Still, then, where has Kantian matter gone? I am tempted to say: he only says that matter is indefinitely divisible, though, after all. I wish I could remember the name, but I think there was a physicist who actually did think as such: for him, the limit imposed by the Planck scale was not objectively absolute through and through, but simply the place we had reached in our descent to now, and ought not be thought of more strictly than that (although strictly so within the confines of our present theory, even so).

Kant's indefinitude claim overall In the SEP article on Kant's critique of metaphysics, it says at one point:

Obviously, the success of the proofs depends on the legitimacy of the exclusive disjunction agreed to by both parties. Both parties, that is, assume that “there is a world,” and that it is, for example, “either finite or infinite.” Herein lies the problem, according to Kant. The world is, for Kant, neither finite nor infinite. The opposition between these two alternatives is merely dialectical. In the cosmological debates, each party to the dispute falls prey to the ambiguity in the idea of the world.

Another SEP article on infinitesimals says:

And for appearances, Kant maintains, divisions into parts are not completable in experience, with the result that such divisions can be considered, in a startling phrase, “neither finite nor infinite”. It follows that, for appearances, both Thesis and Antithesis are false.

Later in the Critique Kant enlarges on the issue of divisibility, asserting that, while each part generated by a sequence of divisions of an intuited whole is given with the whole, the sequence’s incompletability prevents it from forming a whole; a fortiori no such sequence can be claimed to be actually infinite.

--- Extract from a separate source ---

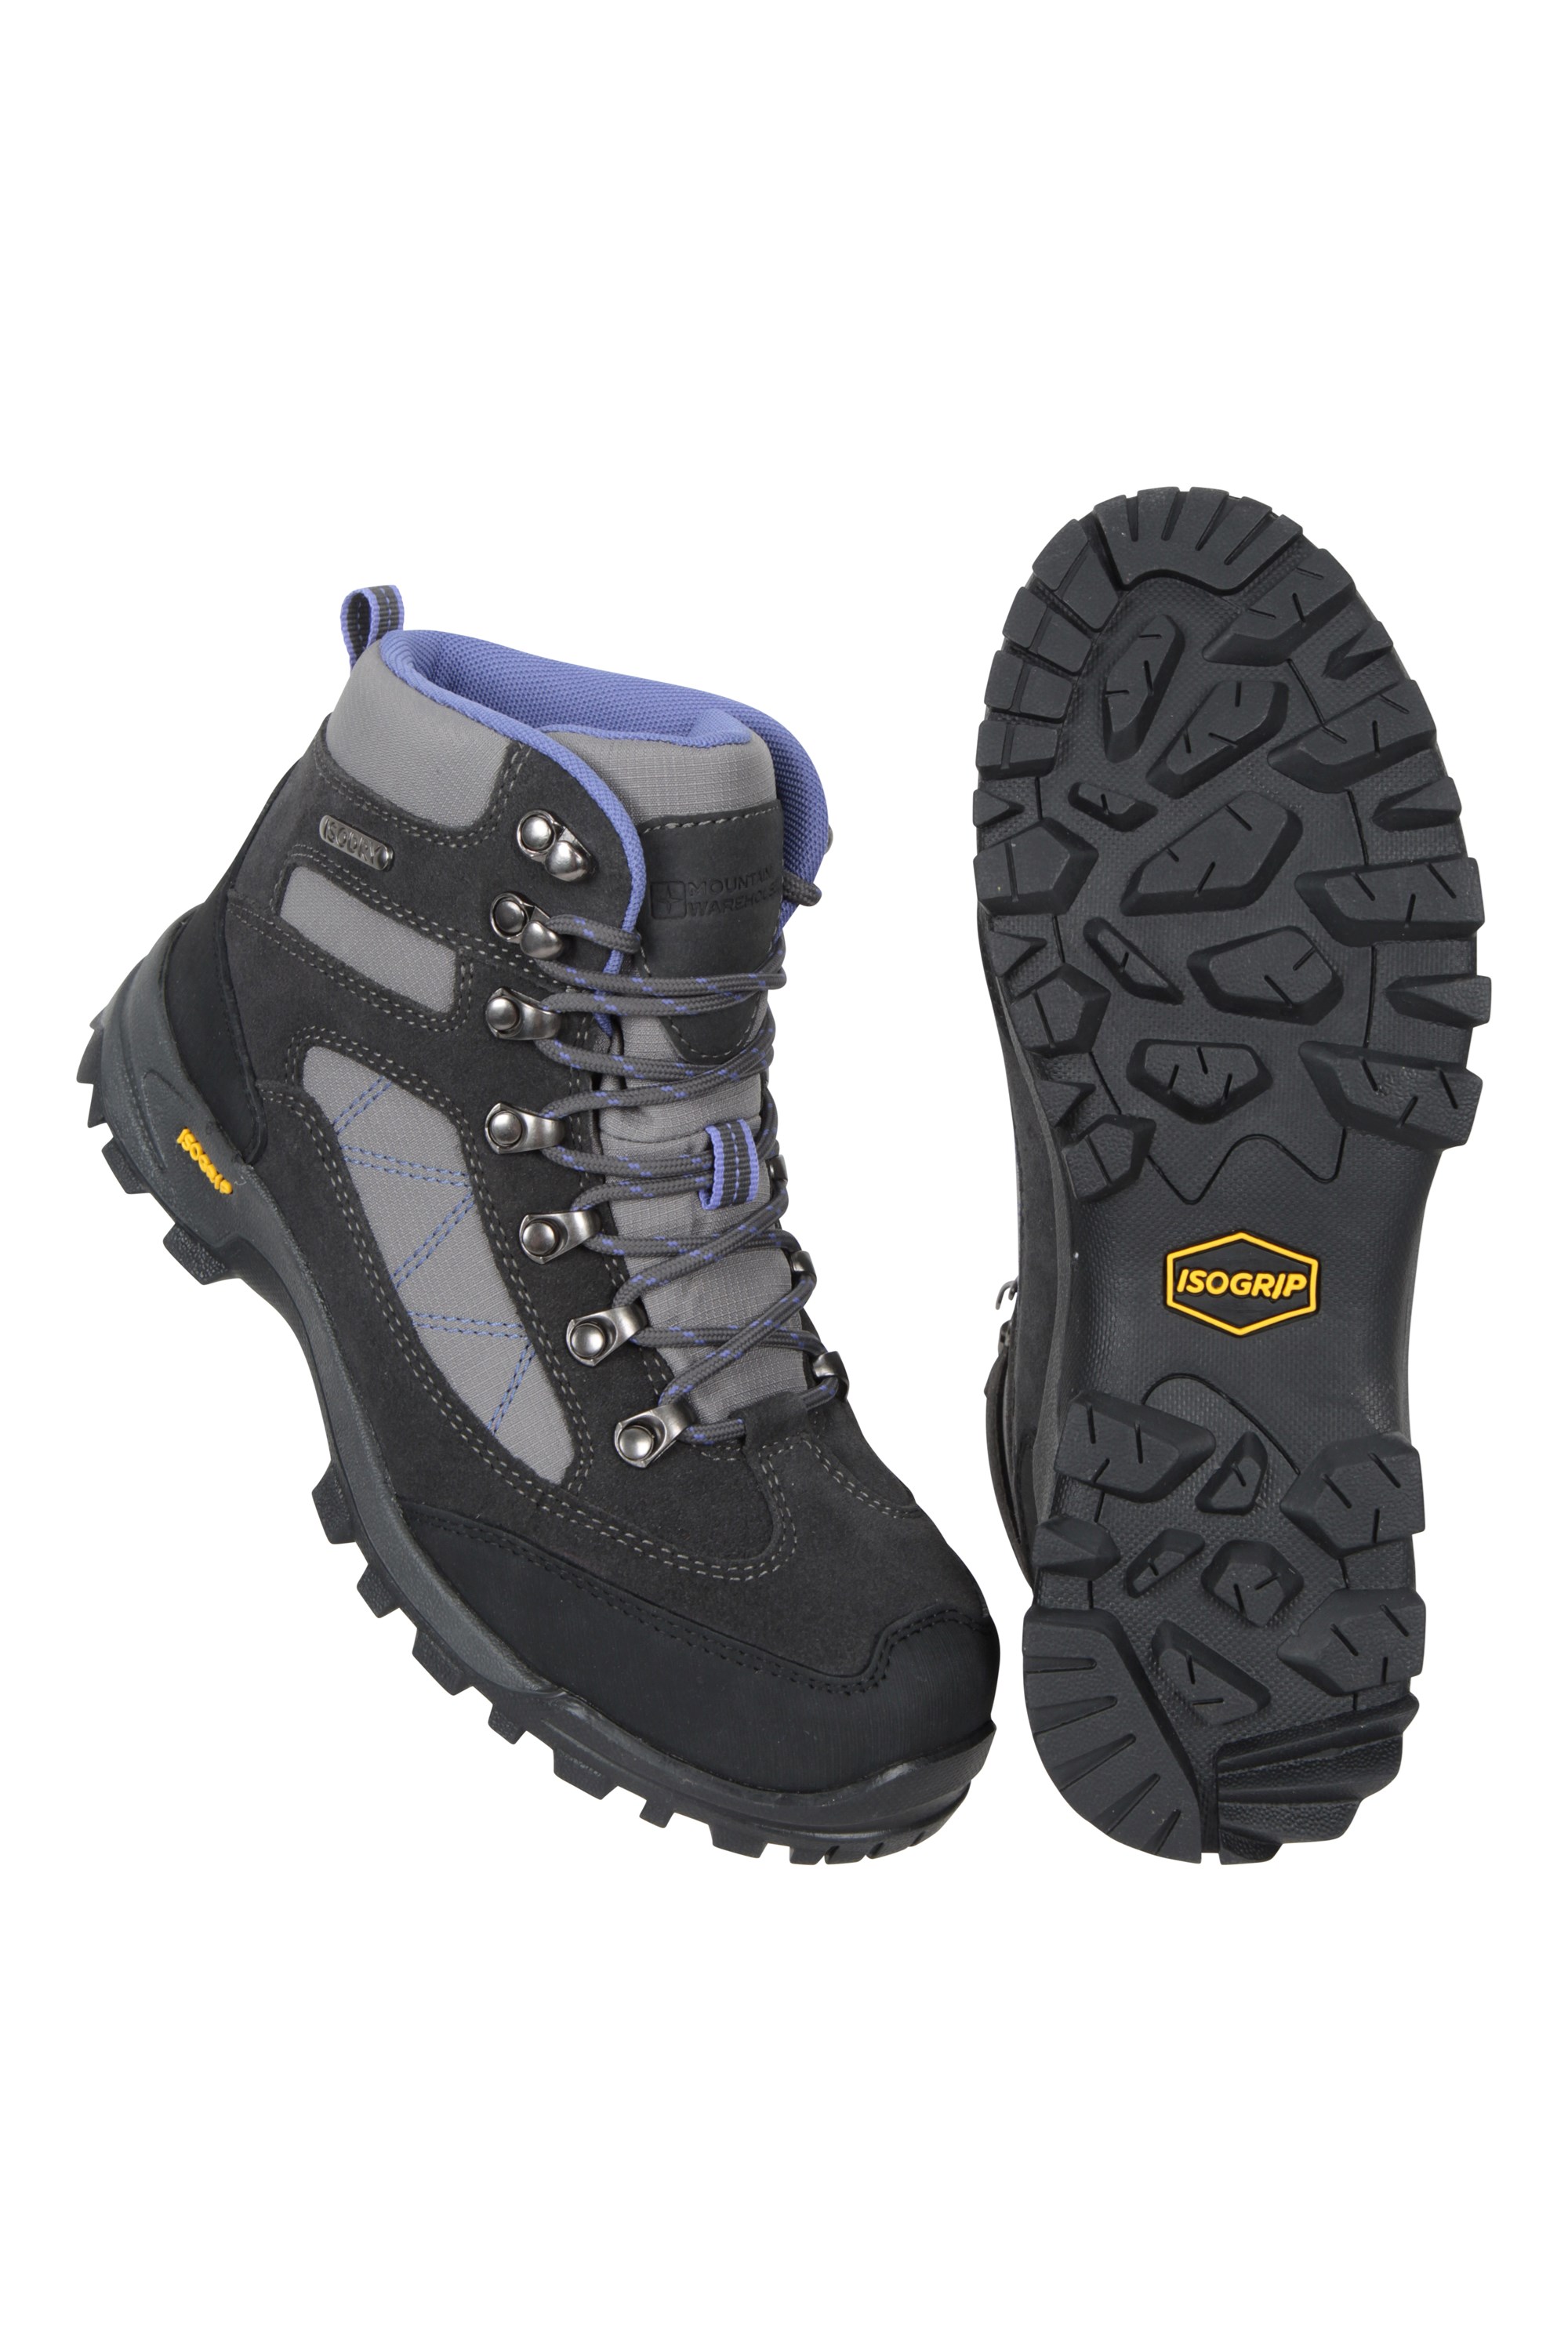 Extreme Storm Womens Waterproof Isogrip Boots - Grey

In the first Critique proper, the issue is actually more nuanced when it comes to the divisibility of matter. At first, Kant outlines a description of the divisibility regress that does not proceed ad indefinitum, but outright ad infinitum. However, he goes on to maintain that we are not given an empirically real infinite set of parts of matter, and in the presentation of the Second Antinomy he discourses on the propriety of the phrases compositum reale and compositum ideale with respect to the mereological structure of space, favoring the latter as a vague possibility but holding that, with respect to empirical reality, the former is simply incorrect (space is not an absolute whole in itself, but as a relative whole in itself it is prior to its given parts). So the empirically real elements of the regress are indefinite in quantity, or in other words there is no absolute division of matter obtainable at any moment in empirically real time, so there is no basis for holding that we have ever divided matter into a finite number of parts beyond which further division is metaphysically impossible. There is no basis for holding that there are an actually infinite number of parts of matter given in experience, even if the transcendental question from which the divisibility regress emerges is an authentic object of reason and presents to transcendental reflection as infinite in itself. {Hence Kant goes on elsewhere to refer to the focus imaginarius, as a sort of 'real question' built into the a priori mind, but which, thought of as a cosmological wh-term in the mind, can never be assigned an infinitely complete semantic value.}

  • -1: for opinion dressed up as research. Apr 5, 2022 at 16:08
  • The second antinomy is a contradiction -not an statement- about the indivisibility of things. If fields are things, their divisibility is contradictory.
    – RodolfoAP
    Apr 6, 2022 at 23:03

3 Answers 3


@Kristian Berry Your question touches two important issues. They deal with the relation between philosophy and science in explaining fundamental questions of our worldview. Nevertheless, for me your text mixes up two issues which better stay in separation:

  1. What does Kant want to show with the second antinomy?
  2. Which models are discussed in contemporary physics for the conception of space?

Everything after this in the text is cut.